We appreciate the interesting and relevant issue raised, but still think it would be too speculative to relate the complex and diverse ORN and MTC response properties and OB transformations, as currently understood, to intermittency. These are comprehensively described in the following reference: Martelli C, Storace DA. (2021). Stimulus driven functional transformations in the early olfactory system. Frontiers in Cellular Neuroscience. Aug 3; DOI: 10.3389/fncel.2021.684742.

12) The clustering of glomeruli in 2 clusters needs clarification. It would be possible to show a map of the different clusters in multiple animals?

We have added three examples to Figure 5- Supplement 1 (the former Figure 4- Supplement 1 has been moved to Figure 5- Supplement 2).

Reviewer #2 (Recommendations for the authors):

1) I kept having doubts throughout the paper about how intermittency was computed and what high or low intermittency meant. Given that intermittency is the focus of the whole paper, I would suggest the authors plainly point out how intermittency is computed (in addition to the references to previous papers) and plainly write a sentence to give a quick grasp of what high and low intermittency means.

We agree with you and reviewer 1 on this – thank you. We hence made this clarifying schematic and legend.

2) Figures are not well organized in terms of both content and graphic.

Content-wise: I found it very unintuitive and challenging to find the specific subfigure supporting specific claims. I had to juggle back and forth between the main and supplementary figures continuously. Some key results are presented in supplementary figures instead of main figures. The figures should be organized in chronological citation order, and key results/claims should be supported by at least one main figure item. All figures and subplots should be referenced in the text.

Graphic-wise: the font character is very small and hard to read, and some color-legend and axis labels are missing.

We have now reorganized many of our figures and created new figures. In addition, we have increased the font size on all figures where possible. We hope that these changes have increased the readability of the manuscript.

3) Please improve Figure 2A so that we can well understand the computation of the estimated perceived intermittency. For example, use the same temporal scale for the original signal and the estimated perceived intensity so that we can directly compare.

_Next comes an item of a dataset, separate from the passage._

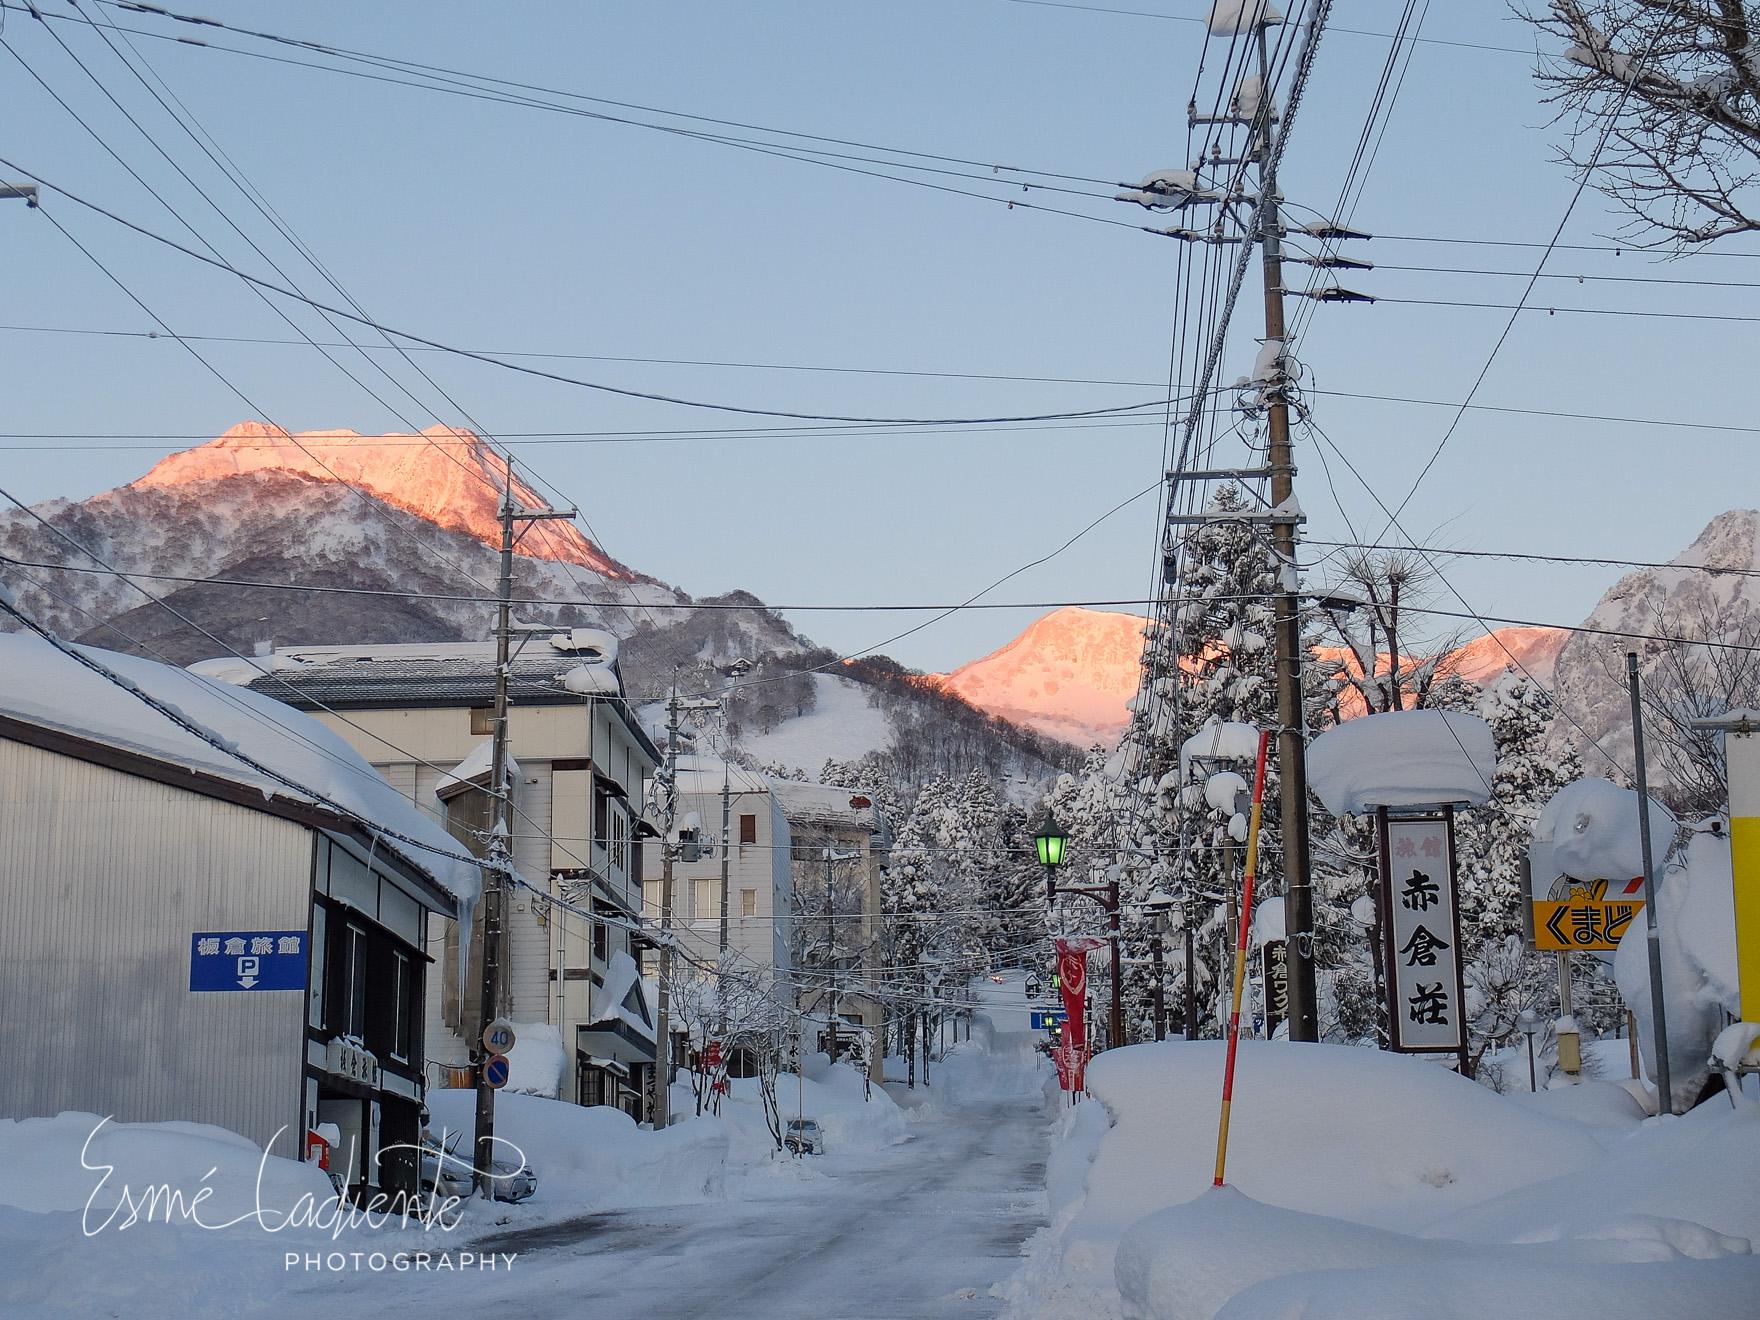 The streets of Myoko Akakura at dawn just as the sun began to rise illuminating Mount Myoko.

The temporal scale in Figure 3A (new figure label) is consistent between the original signal and the estimated perceived odor. Thus, these two traces can directly be compared. The figure is illustrating that the estimated perceived odor is extracted from the inhalation periods of the raw trace (assuming that animals are not perceiving odor that they are not inhaling). We intentionally left off the scale in this figure to not mislead the reader into thinking that somehow the estimated perceived odor is a faster signal (when in fact it is the same odor signal as the original, simply just extracted during inhalation periods). Thus, the perceived graph is exactly the original graph but with exhalation periods removed, as retention of original inhalation timing is not relevant to the analyses.

4) Figure 4D: please plot the average behavioral accuracy so that we can visualize the claim made in the text.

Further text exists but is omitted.